Nas empresas privadas, a corda também arrebenta do lado mais fraco. O melhor exemplo é a transformação radical da OpenAI, a priori uma empresa com foco em segurança (como Walter Isaacson conta em detalhes na biografia de Elon Musk, um dos fundadores da Open AI), mas que há anos sofre a demissão de diretores que discordam de suas políticas, como o pesquisador de machine learning Jan Leike que deixou a empresa semanas atrás.
Mal ficou desempregado e Jan Leike já ingressou na equipe de segurança da Anthropic, criadora do chatbot Claude, um dos principais concorrentes do ChatGPT. A Anthropic foi fundada há três anos por ex-funcionários da OpenAI, já preocupados com os rumos comerciais da empresa, e desde então se tornou um refúgio para os pesquisadores interessados em desenvolver IAs com “alinhamento” (termos da indústria para o compromisso em produzir IAs alinhadas aos valores humanos).
A dificuldade está em justificar o alinhamento enquanto desenvolve uma IA superpoderosa e conta com investimentos de Google e Amazon, como é o caso da Anthropic. Um importante precedente nesta direção apareceu dias atrás, quando pesquisadores da Anthropic divulgaram uma pesquisa que joga luz sobre a caixa-preta do Claude.
As descobertas estão disponíveis em postagem no blog da Anthopic — com o título Mapeando a Mente de um Grande Modelo de Linguagem — em que os pesquisadores identificaram padrões entre determinados inputs (relacionados a assuntos específicos) e a ativação de certos neurônios. Antes tarde do que mais tarde, isso representa os primeiros passos para interpretar o mapa cognitivo de um modelo de IA, muito embora os pesquisadores ressaltem que “ainda estamos estabelecendo as bases para tentar entender os fundamentos dos modelos”.
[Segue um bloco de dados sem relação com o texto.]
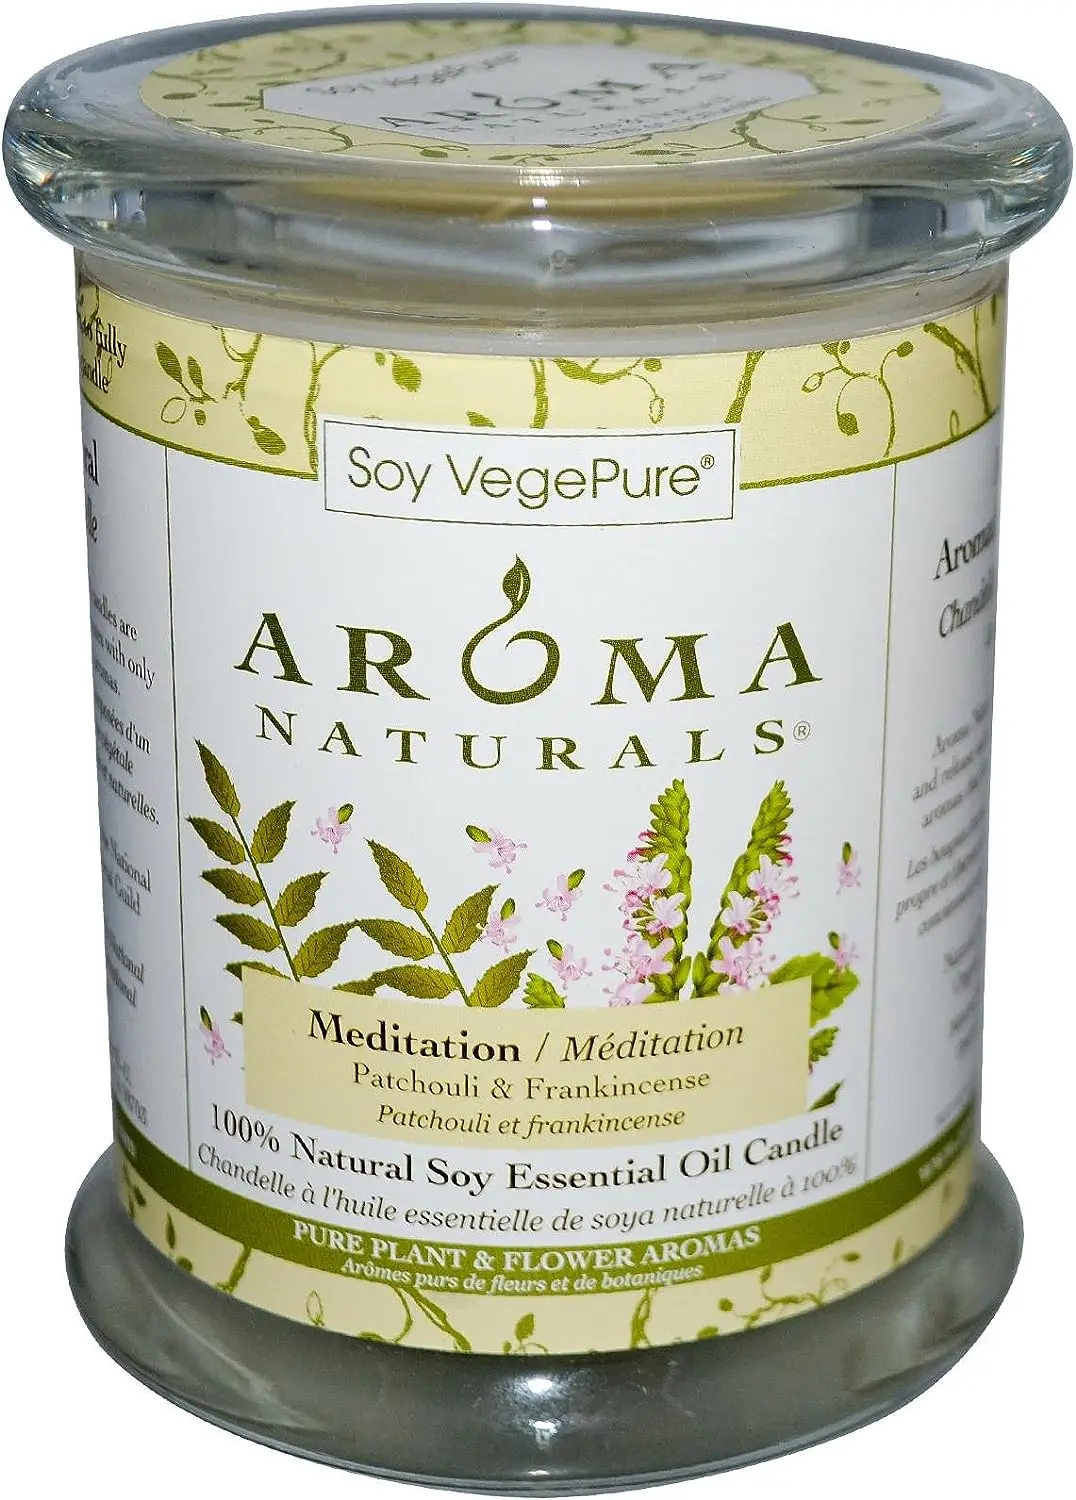 

VegePure, 100% Natural Soy Essential Oil Candle, Meditation, Patchouli & Frankincense, 8.8 oz (260 g), Aroma Naturals Led pillar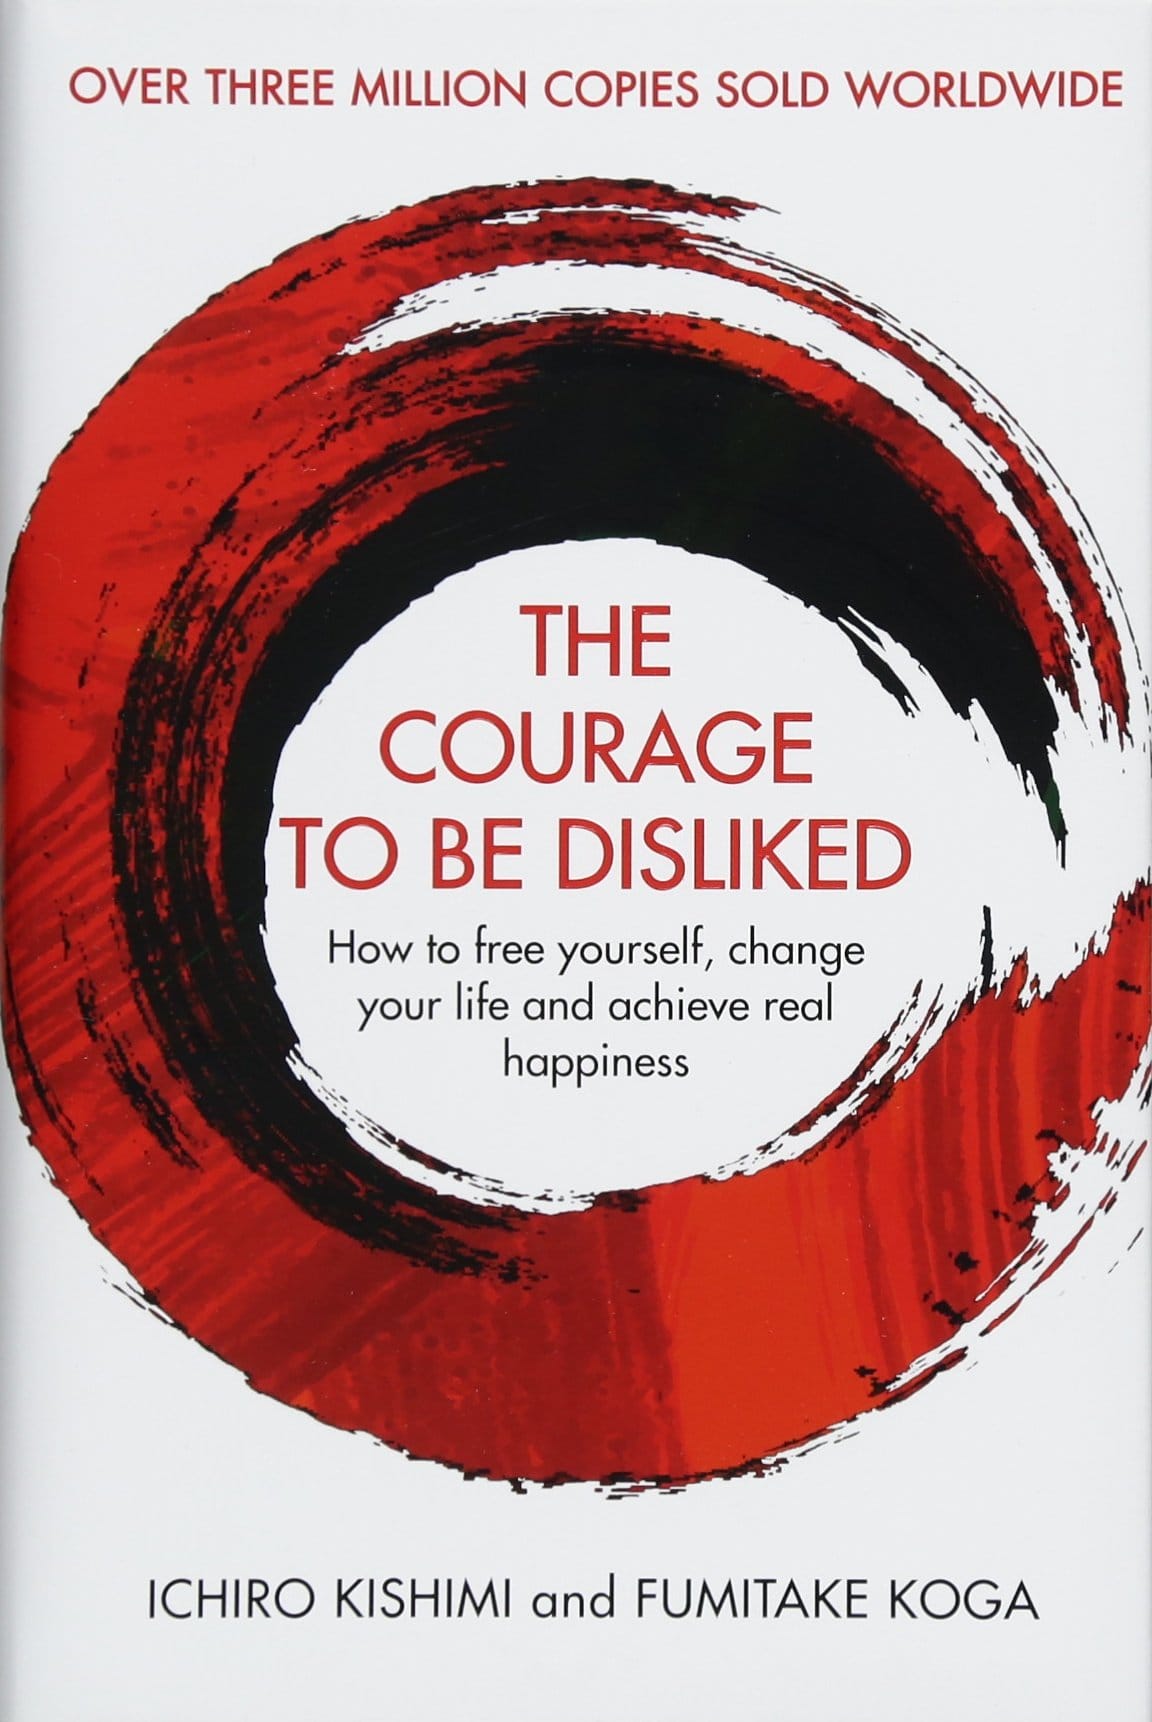 The Courage to be Disliked by Ichiro Kishimi and Fumitake Koga

Na mitologia grega o Centauro não causa repulsa, pois o cavalo é considerado um animal com virtudes, tal como o homem. Já o Centauro Reverso, descrito por Cory Doctorow, representa nada menos que a posição subalterna dos humanos em relação às IAs. É preciso que a repulsa seja a ponto de empurrar, em definitivo, os esforços de interpretação das IAs — não só pela Anthopic, mas com a participação das demais empresas e do Estado em âmbito regulatório.